This look a bit wrong... shouldn't the <SOURCE_DIR> point to a project source directory? Maybe there's a configuration missing with those .cmake files. I did this a quick search but I'm unsure about what to do exactly in order to fix the issue:

$ grep -R '<SOURCE_DIR>' ~/git/tensorflow-cmake/
/root/git/tensorflow-cmake/examples/external-project/cmake/Modules/Protobuf.cmake:        INSTALL_DIR <SOURCE_DIR>
/root/git/tensorflow-cmake/Protobuf.cmake:        INSTALL_DIR <SOURCE_DIR>

Thought, maybe this isn't directly relevant to the set_version problem.

That being said, for the record my main goal is to debug tensorflow-cmake/examples/external-project/main.cc with the CLion debugger... I'm not there yet, but if I can get the cmake setup to works, I could probably do some progress about that.

cjweeks commented 8 years ago

The PROTOBUF_DEPRECATED_ATTR macro only exists in earlier versions of Protobuf; it has recently been changed to GOOGLE_PROTOBUF_DEPRECATED_ATTR. However, TensorFlow requires this earlier version and makes references to PROTOBUF_DEPRECATED_ATTR. The protobuf.sh script scans the tensorflow repository for references to Protobuf, trying to find the commit hash to reset to.
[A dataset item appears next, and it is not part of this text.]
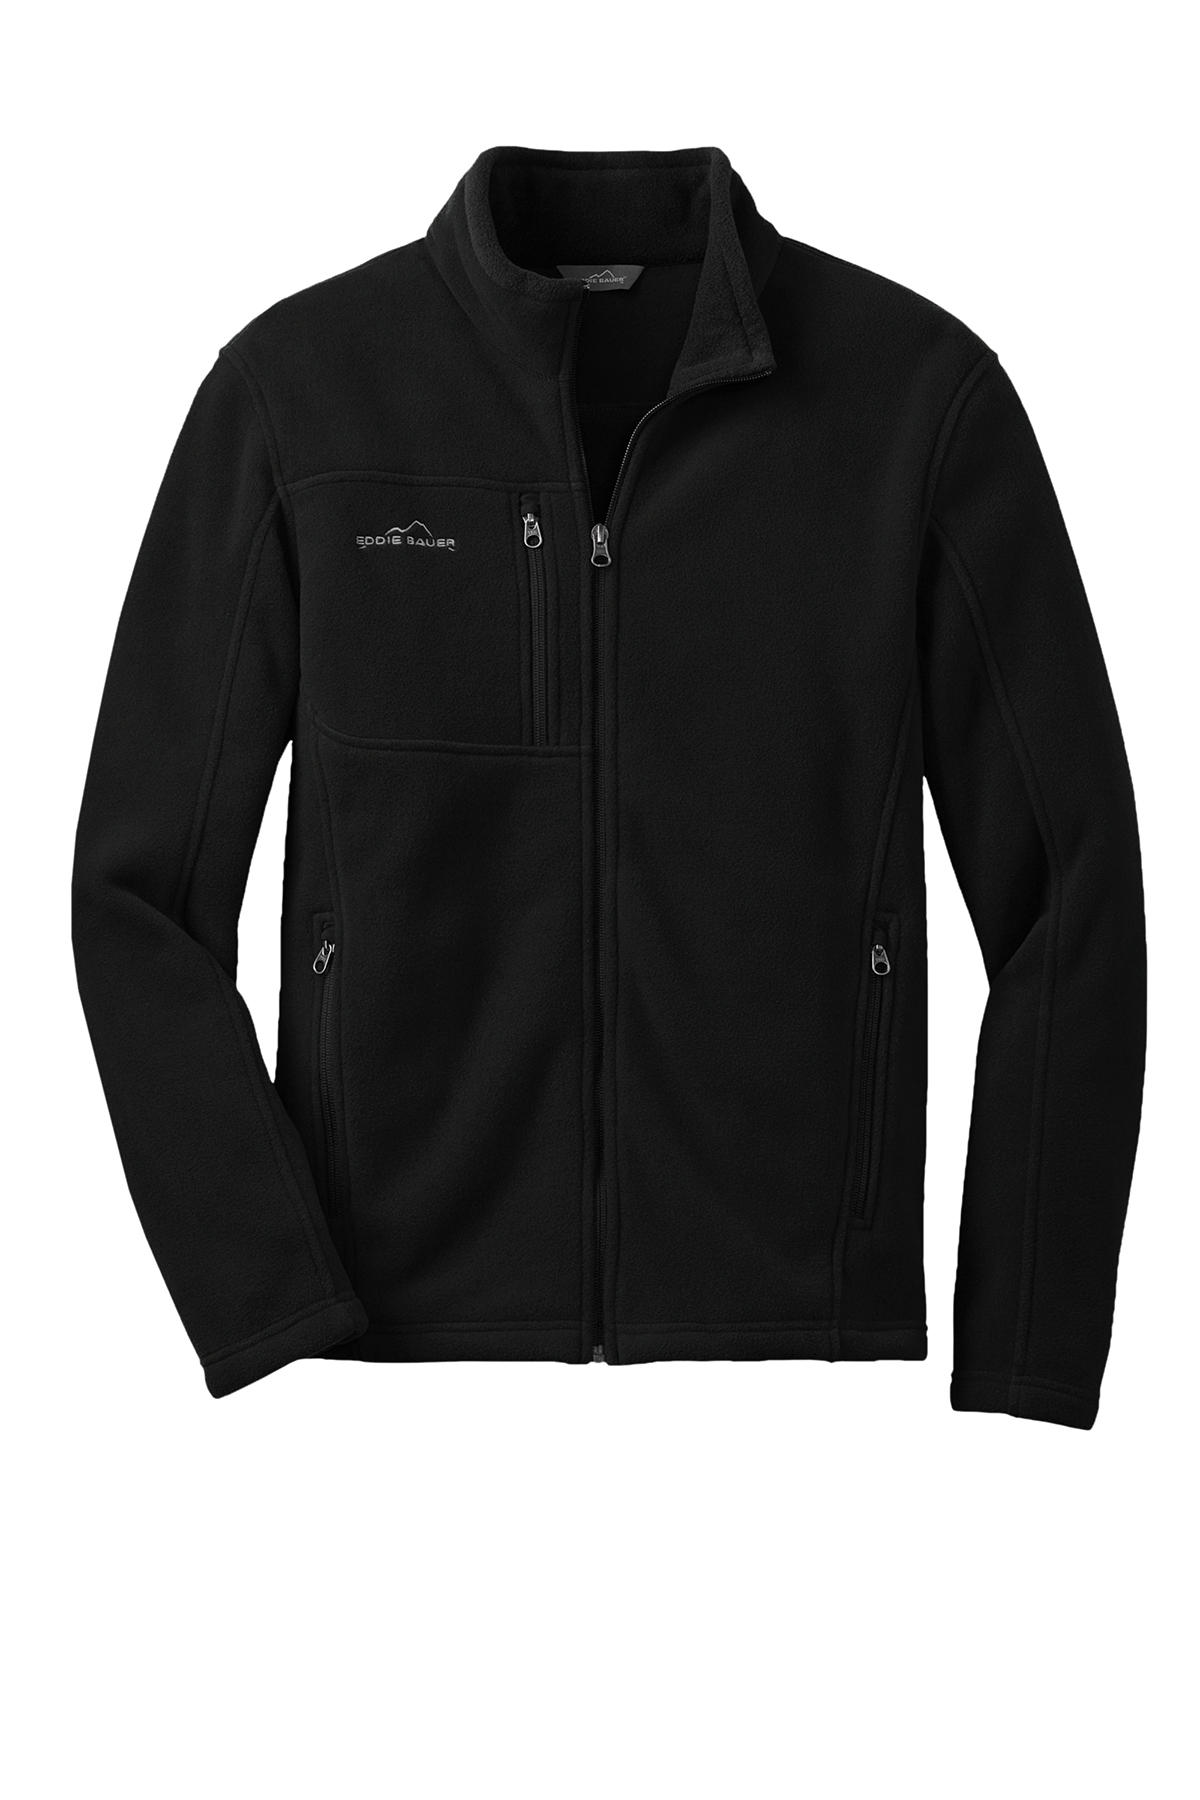 Eddie Bauer - Full-Zip Fleece Jacket | Product | SanMar

The external project builds and runs correctly in my environment (Ubuntu 16.04 LTS), but I will attempt to reproduce using your system.

The <Source_DIR> issue is unrelated and stems from a small error in Protobuf.cmake, which I will soon correct.
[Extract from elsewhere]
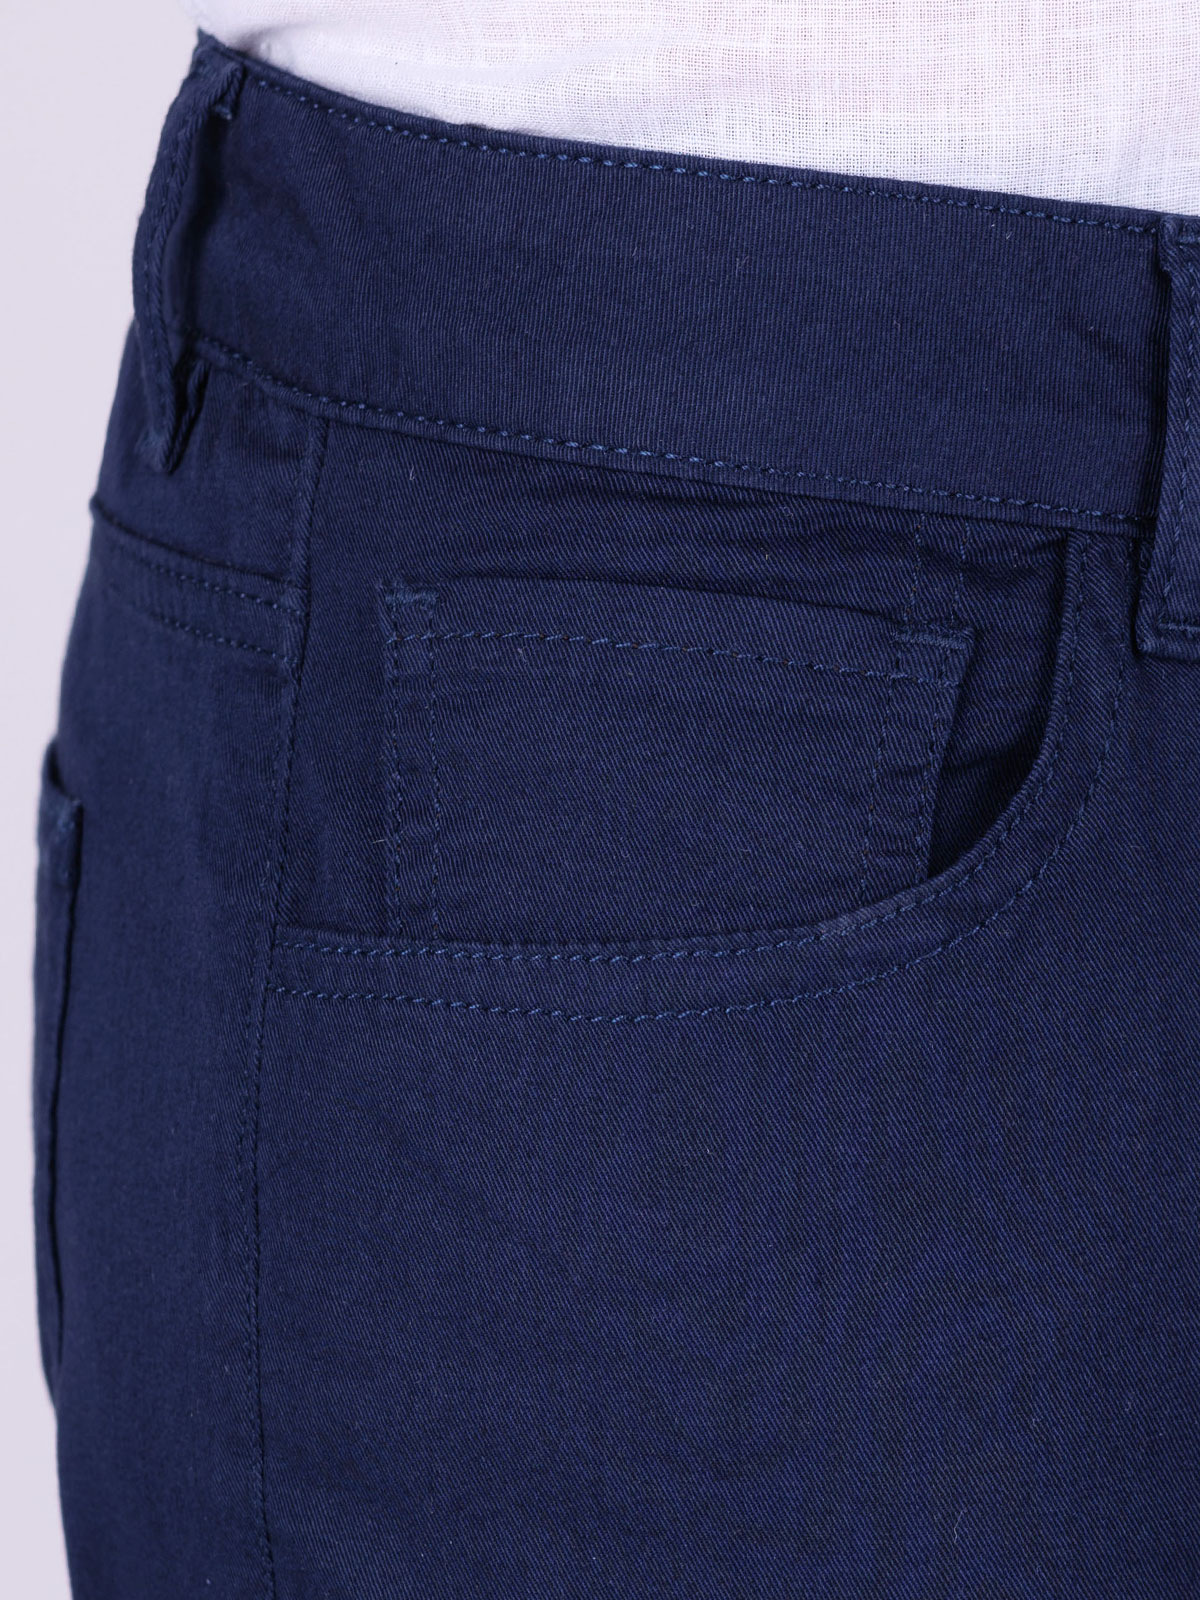 Pantaloni bleumarin cu cinci buzunare - 60301 € 66.37 img2

cjweeks commented 8 years ago

I believe I have resolved this problem.

Cause

There was an error in the CMake modules for the external project; the external/include directory was not being included. This caused the project to search for the required files in either /usr/local/include or /usr/include. If you had a different version of profobuf installed on the machine, those header files were used instead, and this resulted in the PROTOBUF_DEPRECATED_ATTR macro not being found.

Fix

I made some minor changes to the CMake logic to include the required directories. I tested the fix on my Ubuntu 16.04 LTS machine as well as a Docker container using Ubuntu 14.04.4 LTS; they both worked as expected.

@antogerva, please pull the latest version of this repository and test this yourself.
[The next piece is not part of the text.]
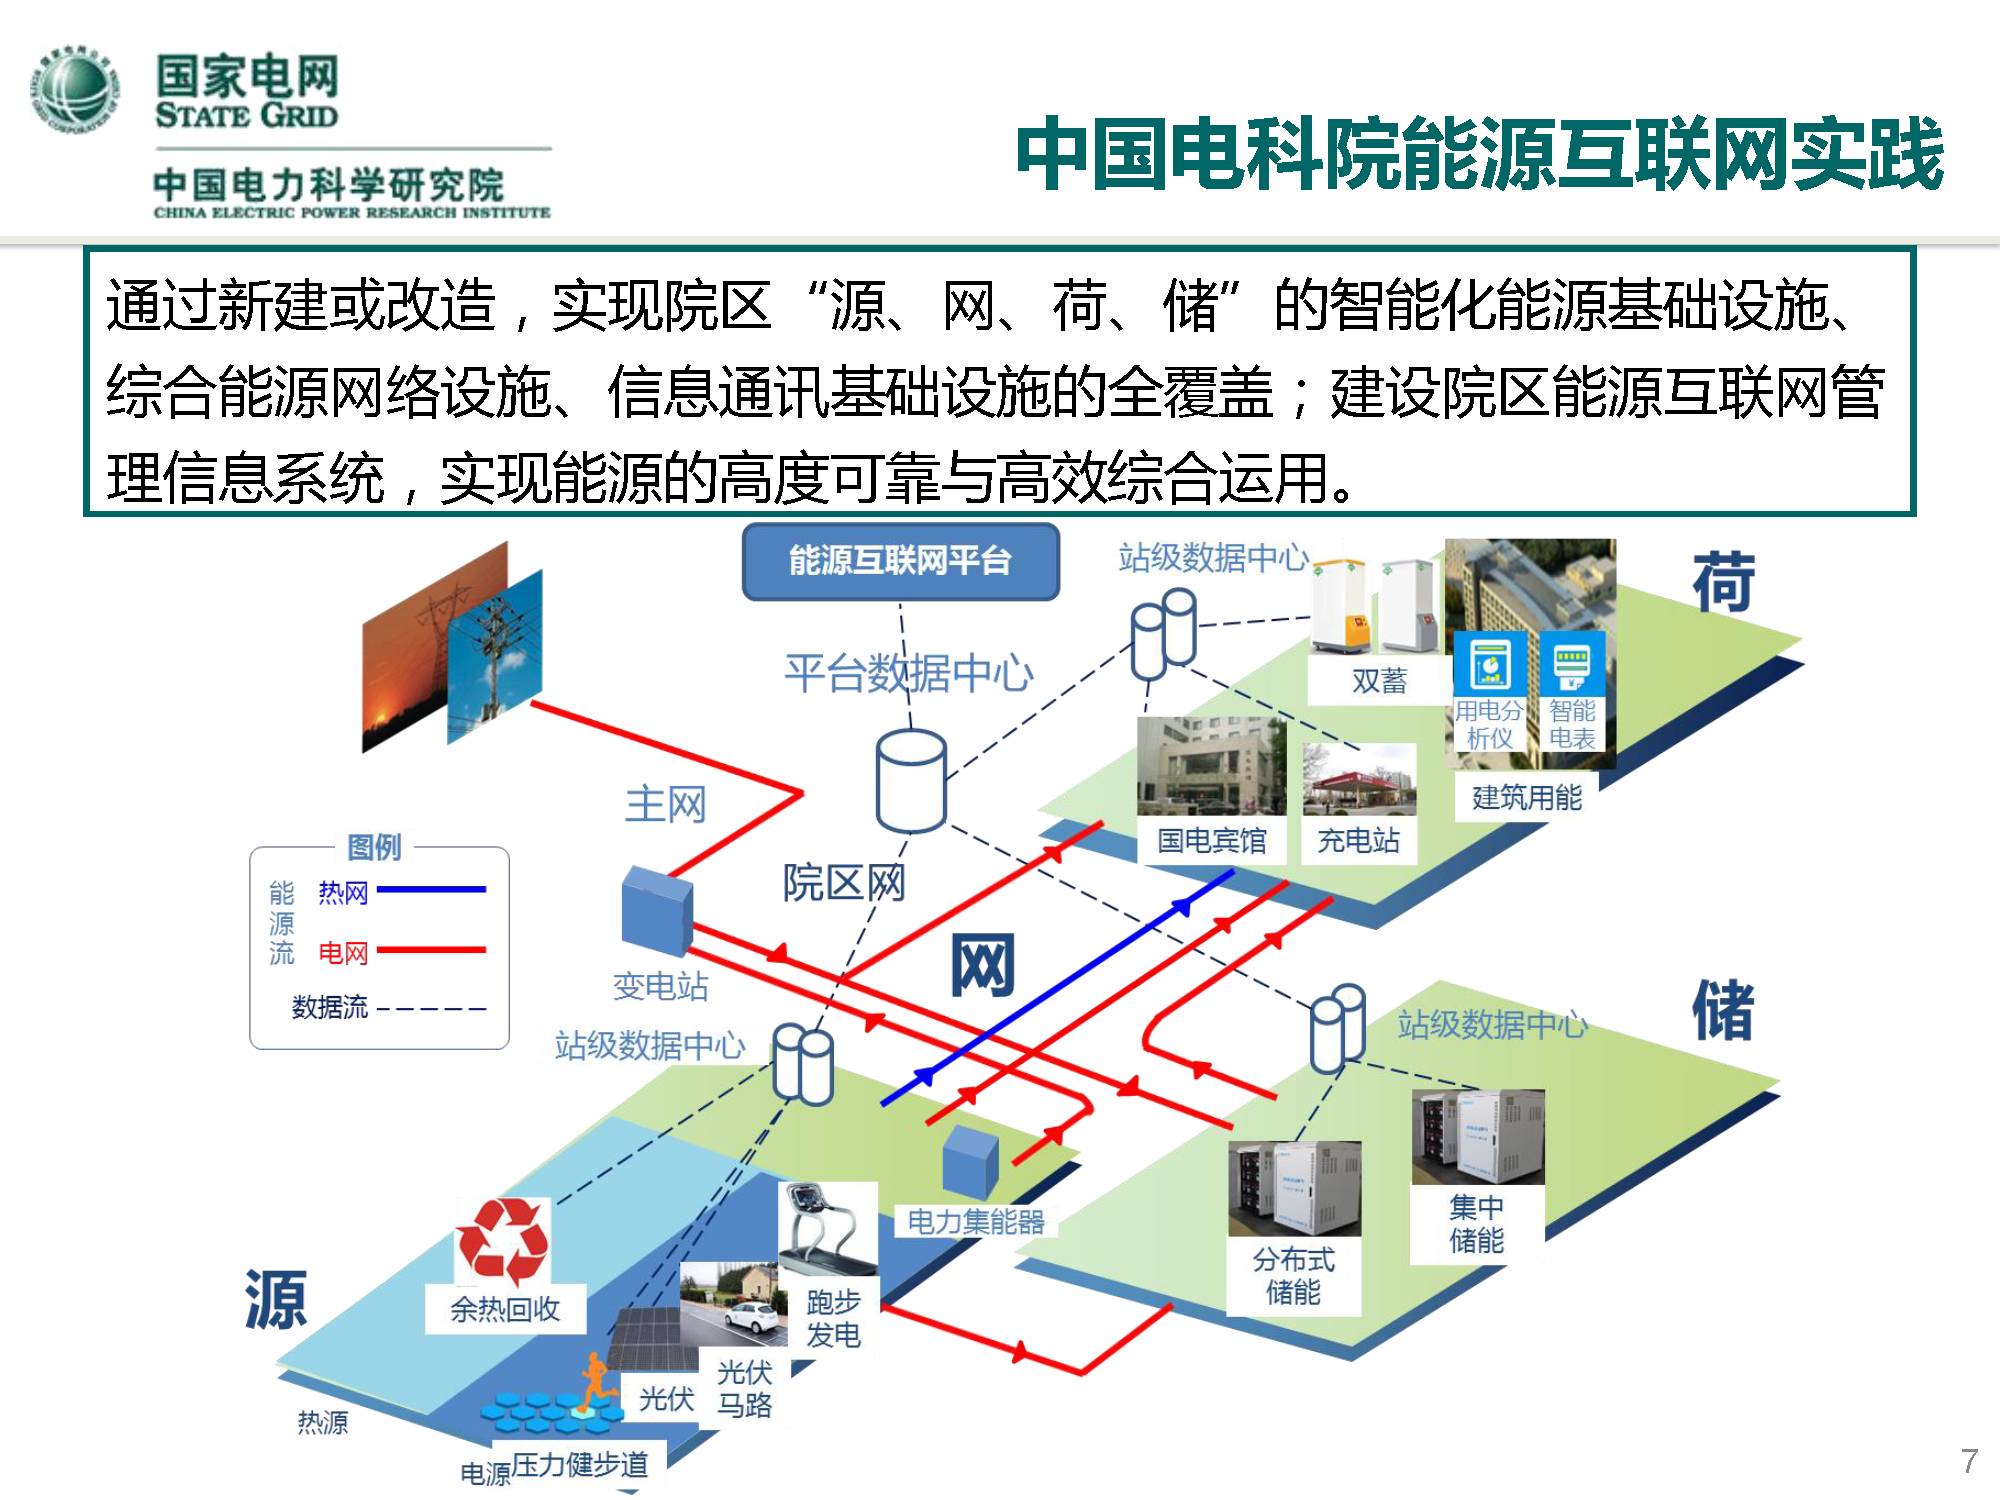 【焦点】中国电科院王继业:人工智能在能源电力领域的探索

antogerva commented 8 years ago

Ok, I pulled the latest version and now it works. I have been able to run the example project correctly. So, I'm closing this issue.

That being said, in the CLion IDE, if I try to execute the "external-project" target, I get the expected result if I copy the graph.pb in the bin folder(and with additional casting on few call over the Tensorflow API). Thought, if I try to debug the "external-project" target, it won't break on any line with breakpoint. Maybe I'm missing a debug flag somewhere? It seem the breakpoints are ignored if I run the project directly with gdb. I tried using cmake -DCMAKE_BUILD_TYPE=Debug .. but look like this isn't enough.

Also, I believe there's no "fast build" target directly available from cmake. So, every time I try to build the "external-project" target, Eigen and Protobuf get rebuild as well.

In any case, I'll probably do more tests on the matter later this week and if I'm stuck, I'll create a new issue about these problems.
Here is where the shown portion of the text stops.